The topic of consumer credit has become increasingly relevant in the e-commerce sector as new players and evolving consumer demand for these solutions continue to shape the sector. The proposed new rules, and particularly changes to the scope of the existing directive, will therefore have an impact on the sector.

The revised rules aim to broaden the scope of products that will have to comply with stricter lending obligations, provide new ways of disclosing information digitally and improve rules that assess the creditworthiness of consumers. For instance, buy-now-pay-later products, small loans below €200 and credit agreements up to €100,000 would be subjected to compliance obligations. Furthermore, the new provisions would include additional type of credit agreements such as loans offered through crowd-lending platforms (online financing that connects people willing to loan money to others), credit agreements with a three-month credit repayment requirement and insignificant payable charges, overdraft facilities with a one-month credit repayment requirement and leasing agreements.

In addition, the Directive wants to strengthen the rules with which creditworthiness of consumers is assessed to tackle the risk of over-indebtedness.

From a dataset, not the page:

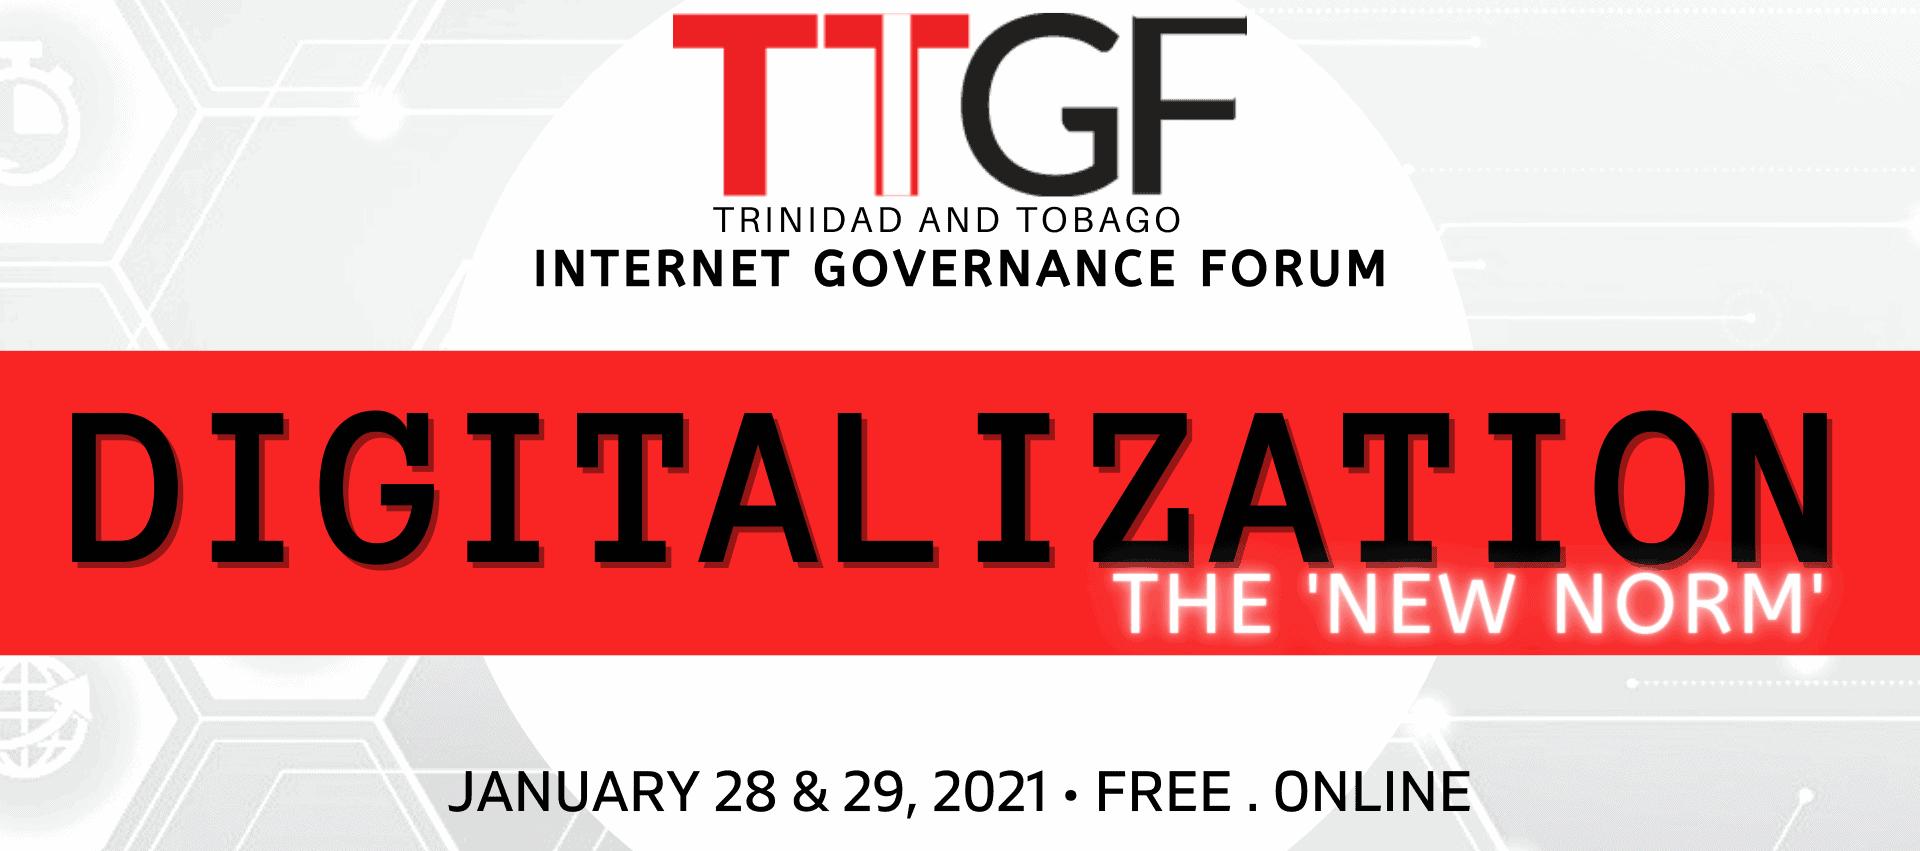 Trinidad and Tobago Internet Governace Forum 2021

To improve consumers’ financial literacy, Member States would be required to promote financial education (e.g. on products sold digitally) and to ensure debt advice is made available to consumers. The proposal also includes a ban on tying practices and unsolicited sale of credit and forbids the use of pre-ticked boxes while it aims to encourage the fixing caps on interest rates (already present in several EU countries).

The proposal is now under discussion and scrutiny in the European Parliament and in the Council of the EU and it is expected to enter into force by 2024.